= Tom Minton =

American film producer

Tom Minton is an American animator, producer, writer, and storyboard artist. He created and wrote the "Toby Danger" episode of Freakazoid!, wrote the lyrics to the song "Brainstem" and served as the chief model for the Warner Bros. character the Brain in Pinky and the Brain. He was story editor of Ralph Bakshi's Mighty Mouse: The New Adventures, a 1987 series art-directed by John Kricfalusi.

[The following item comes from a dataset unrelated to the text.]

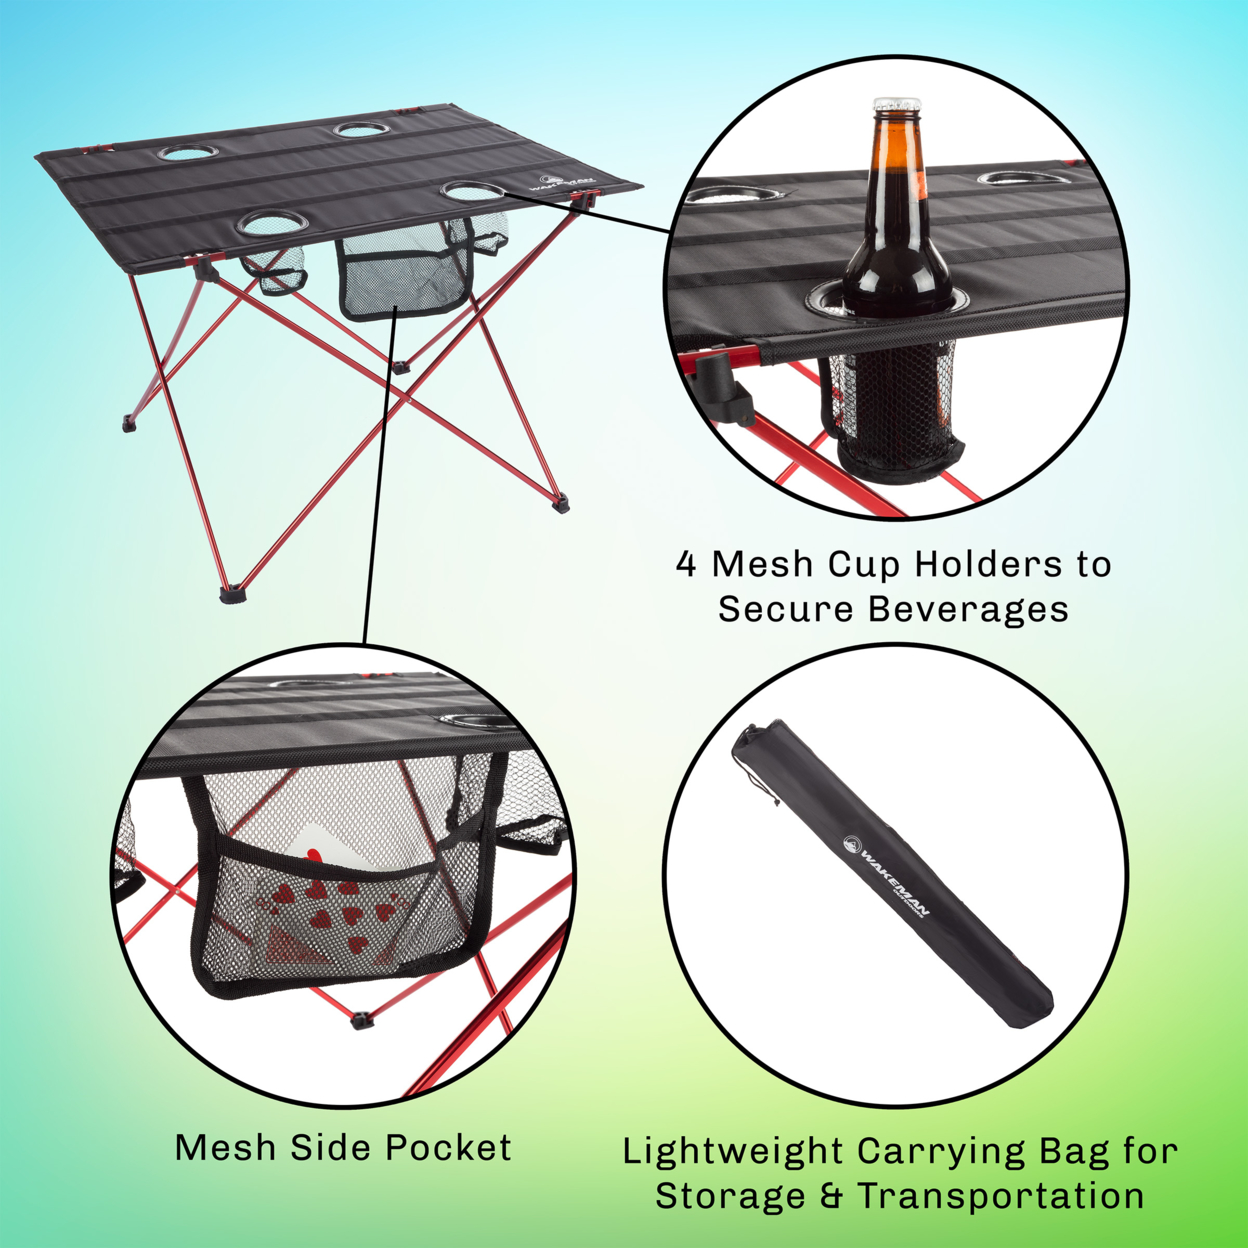 Camp Table-Outdoor Folding Table With 4 Cupholders And Carrying Bag-For Camping, Hiking, Beach, Picnic
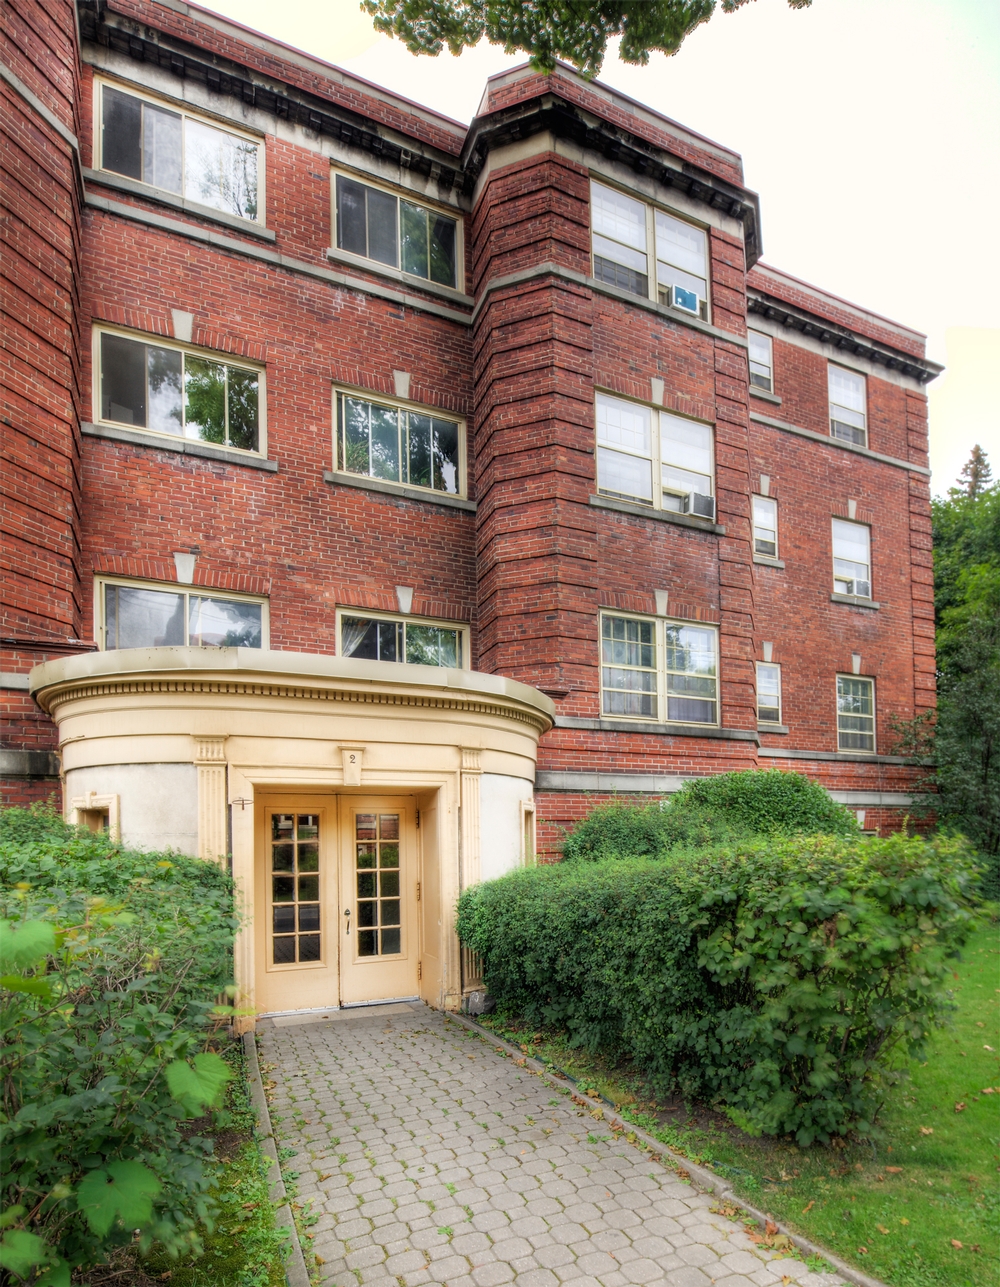 1 bedroom Apartments for rent in Hampstead at 1-2 Ellerdale - Photo 01 - RentersPages – L9522

He was the producer of Tom and Jerry: The Magic Ring (2001) and Baby Looney Tunes' Eggs-traordinary Adventure (2002). He was a writer/producer on Duck Dodgers (2003–2004), producer/story editor on Tom and Jerry Tales (2006) and a producer/story editor/writer of The Sylvester & Tweety Mysteries (1995–1999). He was a co-producer and co-writer of Tweety's High-Flying Adventure (2000). He is a multiple Emmy Award nominee for Disney's Raw Toonage, Tiny Toon Adventures, Animaniacs, The Sylvester & Tweety Mysteries and Baby Looney Tunes. He is a Peabody Award winner as a writer on Animaniacs.
He has written several episodes for the hit Disney Channel animated series Phineas and Ferb and The Hub's Littlest Pet Shop.